Multiclass Classification & Image Segmentation Losses
Multiclass classification and image segmentation both suffer from the data imbalance problem: background pixels or negative classes typically dominate (~80% of samples). The losses below address that imbalance.
IoU and Dice Loss
-
IoU Loss = $1 - \text{IoU}$, where $\text{IoU} = \frac{ \text{intersection} }{ \text{union} }$. -
Dice Loss = $1 - \dfrac{2\, \text{intersection} }{ \text{pred} + \text{target} }$
IoU loss is more sensitive when overlap is low; Dice loss is relatively more sensitive at high overlap (due to the factor of 2 in the numerator). This can be verified by differentiating both expressions.
Simple implementation:
1
2
intersect = (pred == labels).sum().item()
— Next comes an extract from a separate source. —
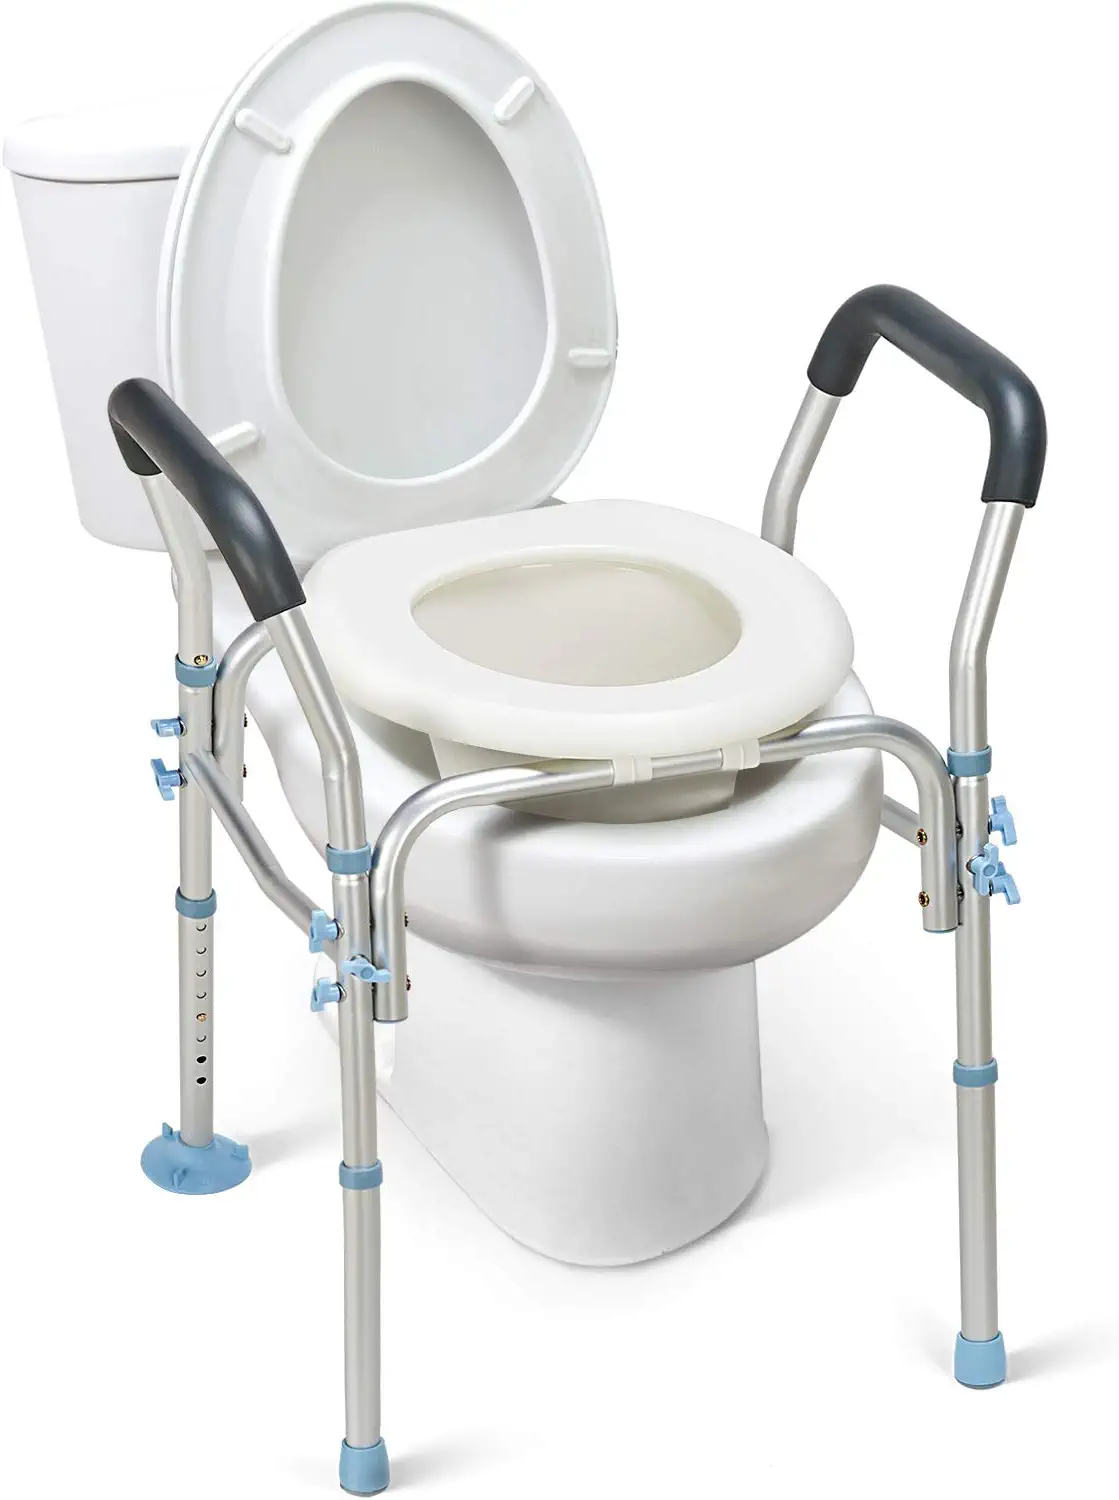 toilet seat raiser with legs

dice_loss = 1.0 - 2 * intersect / (pred.numel() + labels.numel())
Dice loss was introduced alongside weighted cross-entropy for highly imbalanced segmentation by Sudre et al. (2017) [1].
Focal Loss
Focal loss addresses class imbalance by down-weighting easy, well-classified examples so the model focuses on hard ones. The modulating factor $(1-p_t)^\gamma$ shrinks the loss for confident correct predictions. $\gamma \ge 0$ is a hyperparameter; $p_t$ is the predicted probability of the true class.
\[\text{FL}(p_t) = (1-p_t)^{\gamma}\,(-\log p_t)\]
The formulation above assumes each sample has a single true label. For multi-label problems, adaptations are needed — this post explains it well.
1
2
3
4
5
6
7
8
9
10
11
12
13
14
15
16
17
18
19
20
21
22
23
import torch
torch.set_printoptions(precision=4, sci_mode=False, linewidth=150)
num_label = 8
logits = torch.tensor([[-5., -5, 0.1, 0.1, 5, 5, 100, 100]])
targets = torch.tensor([[0, 1, 0, 1, 0, 1, 0, 1]])
def focal_binary_cross_entropy(logits, targets, gamma=1):
"""
p_t = sigmoid(logit) for positives, 1 - sigmoid(logit) for negatives.
- True positive/negative (p_t ≈ 1): (1-p_t) ≈ 0 → small loss ✅
- False positive/negative (p_t ≈ 0): (1-p_t) ≈ 1 → large loss ✅
torch.clamp prevents log(0) overflow/underflow.
"""
l = logits.reshape(-1)
t = targets.reshape(-1)
p = torch.sigmoid(l)
p = torch.where(t >= 0.5, p, 1 - p) # p_t
logp = -torch.log(torch.clamp(p, 1e-4, 1 - 1e-4))
loss = logp * (1 - p) ** gamma # focal weight
return num_label * loss.mean()
focal_binary_cross_entropy(logits, targets)
Cauchy Robust Kernel
In typical nonlinear optimization (e.g., SLAM), the squared $L_2$ norm of a residual error $e$ is used as the cost:
\[\begin{gather*} \begin{aligned} & s = e^\top \Omega e \end{aligned} \end{gather*}\]To reduce the influence of outliers, a robust loss function $\rho(s)$ is used in place of the plain quadratic cost. The $\textbf{Cauchy loss}$ is defined as:
\[\begin{gather*} \begin{aligned} & \rho(e) = \delta^2 \ln\left(1 + \frac{e}{\delta^2}\right) \end{aligned} \end{gather*}\]where $\delta$ is a tuning parameter that determines the scale at which residuals begin to be downweighted.
The derivative of the Cauchy loss with respect to $e$ gives the weight applied to the residual during optimization:
\[\begin{gather*} \begin{aligned} & \frac{\partial \rho}{\partial e} = \frac{1}{1 + \frac{e}{\delta^2}} \end{aligned} \end{gather*}\]This expression shows that for large residuals ($s \gg \delta^2$, e.g., a wrong observation edge), the weight decreases, reducing their influence in the optimization process.
Unlike the squared $L_2$ loss, which grows quadratically with $s$, the Cauchy loss grows logarithmically:
- For small $s$, $\rho(s) \approx s$ (behaves like L2).
- For large $s$, $\rho(s)$ grows slowly and the gradient $\frac{\partial \rho}{\partial s}$ asymptotically approaches zero.
References
[1] Sudre, C. H., Li, W., Vercauteren, T., Ourselin, S., & Cardoso, M. J. Generalised Dice overlap as a deep learning loss function for highly unbalanced segmentations. DLMIA/ML-CDS 2017, pp. 240–248.